P.S.: I have to retract part of my original post here. Expand-ZipFile does not exist natively in PowerShell. I stumbled across http://ss64.com/ps/zip.html and while that site does have documentation for all built-in cmdlets, I didn't read too closely and this was actually documentation for a wrapper around the .NET framework's own functionality. This does not change the discussion about the name and discoverability, though, except that New-ZipFile should probably use a different verb. Actually, the PowerShell cmdlets for handling ZIP files are Compress-Archive and Expand-Archive, exhibiting the properly mirrored verbs.


That was picking an example from my previous try to work with ps. I was not the admin of the server so no installation of extra programs. Or upgrading ps to the newest version.

The shell scripting I have needed has been typically very simple.

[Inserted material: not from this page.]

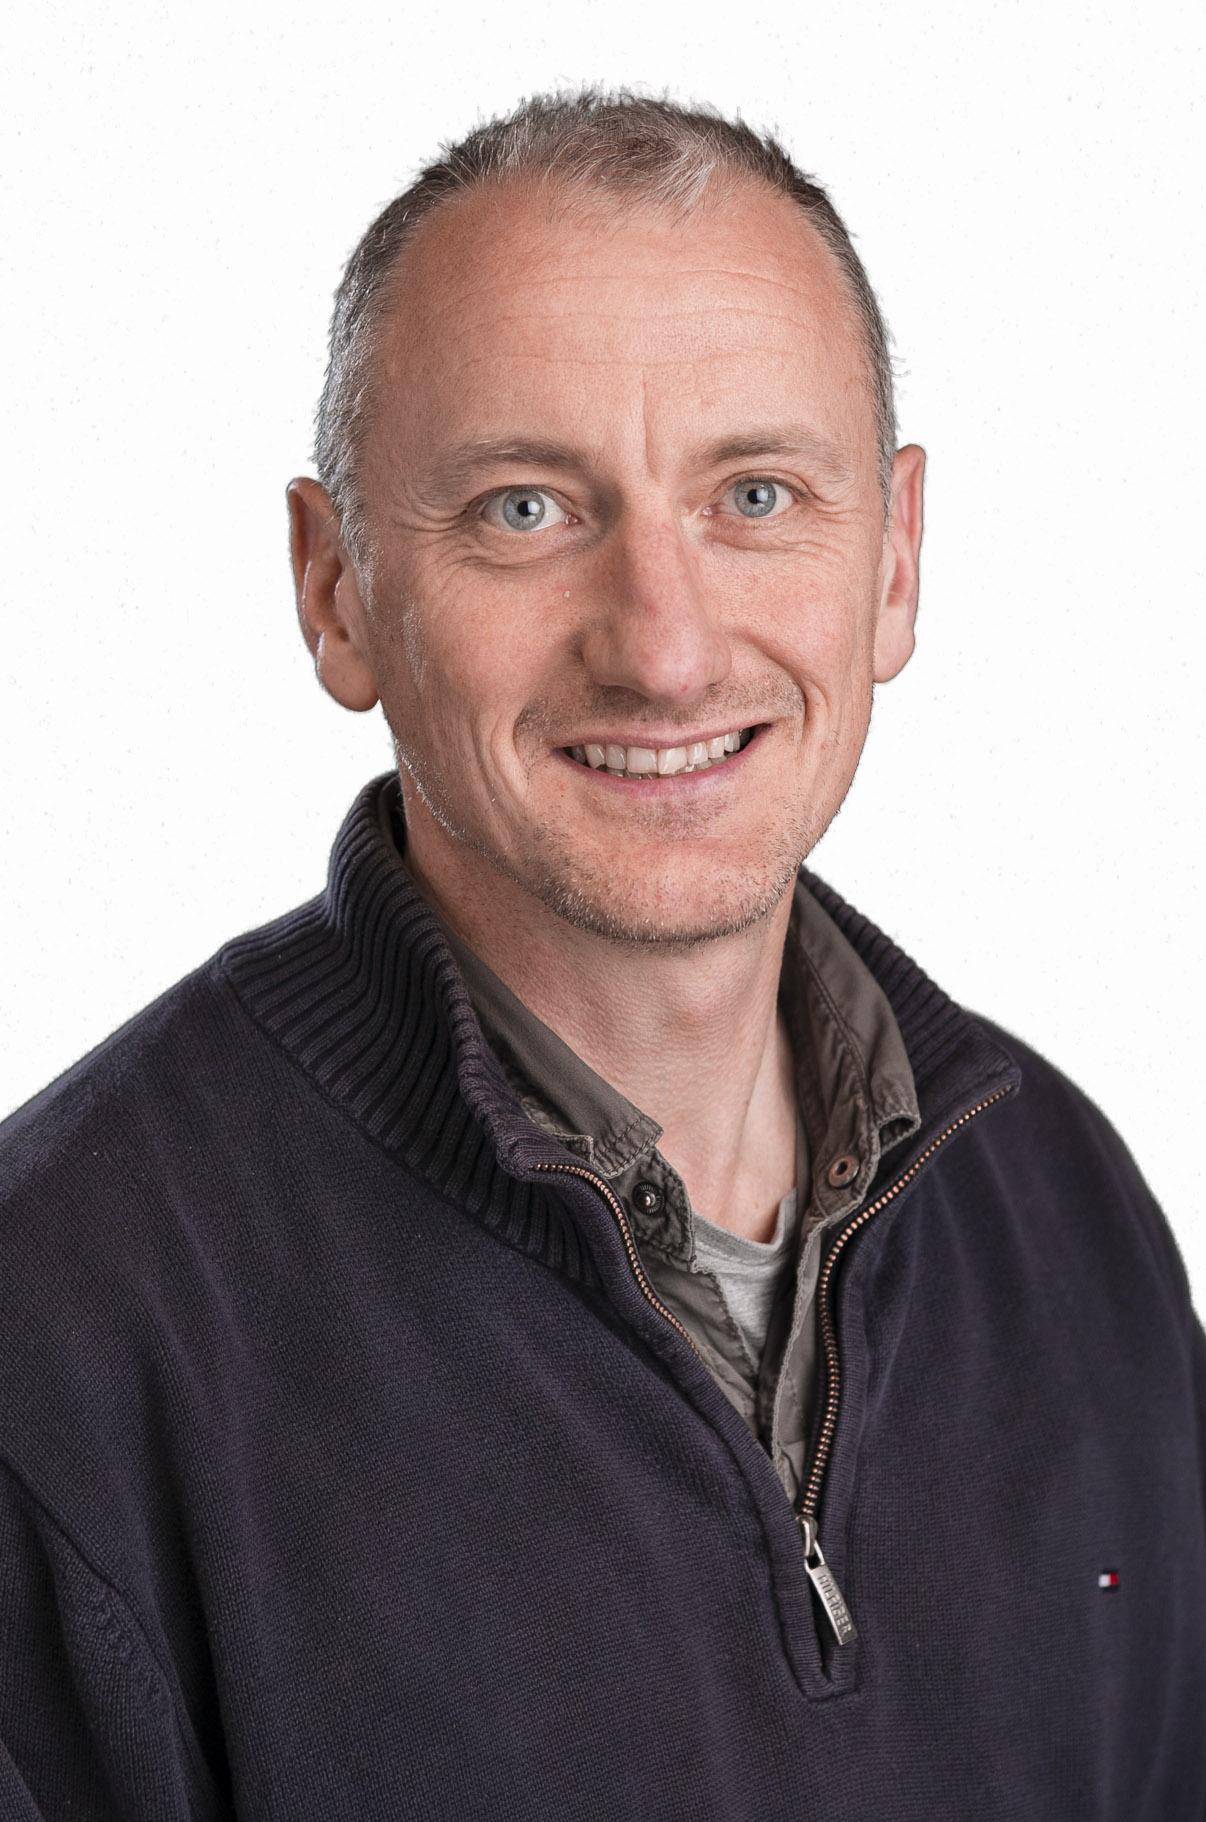 k.mulchrone@ucc.ie

Like schedule to copy this file from that server and run this command.(what was precisely all that I was trying to achieve the last time, only the file was compressed. Would have done with .bat, but that was even more difficult) As you say, using it as a glue and build the complexity to the programs behind the shell.


Use this.

Expand-Archive file.zip


This is all a big part of the reason why I personally advocate using a standardized text-based object serialization format (like YAML) for these sorts of things. In particular:

* Still text based and human-readable, which helps for debugging/troubleshooting * Still text-based and machine-readable, so it's inherently cross-platform (assuming that all said platforms agree on their text encoding) * Still less troublesome than piping arbitrary text through `grep` or `sed` or `awk` or what have you * Still provides the "everything is an object" benefit that's lost with arbitrary text streams * Still orientable around streams of data, at least for YAML (by using the document delimiter)


Passing CSV around can be a useful middle ground, if you're using utilities that all do proper escaping and allow newlines in strings etc., such as csvkit.


What is proper escaping for CSV?


The problem is that not all tools agree on this one, but: lines are separated by newlines, items are separated by commas. An item can be quoted (and this must be done if it contains a newline, comma, or double quote) by surrounding them with double quotes. Inside such quoted items, double quotes can be escaped by doubling them.


RFC4180.


DSV is the default format for many unix utils, and AWK and cut parse it easily.


Yes, of course; that is one end of the "middle ground" I described. The problem is that in Unix, there is no common convention for how to escape the delimiter, so you cannot pass arbitrary strings. CSV can do this, with the proper tooling. Being able to pass around arbitrary strings is quite valuable, and although it is not quite the same as passing objects around, it has the advantage of still being human-readable text. That is why I called it a "useful middle ground" between Powershell and the delimiter-separated fields of Unix tools. However, you do need special tools such as csvkit, as Unix tools like awk, sort and cut cannot properly parse it.


Oh, you can pass arbitrary strings, you just can't pass arbitrary strings as part of compound datastructures. The closest you can get is using null or some other weird character to separate lines ($RS='\0' in awk), and something similar for field separation (like -0 in find, which is $FS='\0' in awk). But \0 is only one special character, so you need another one.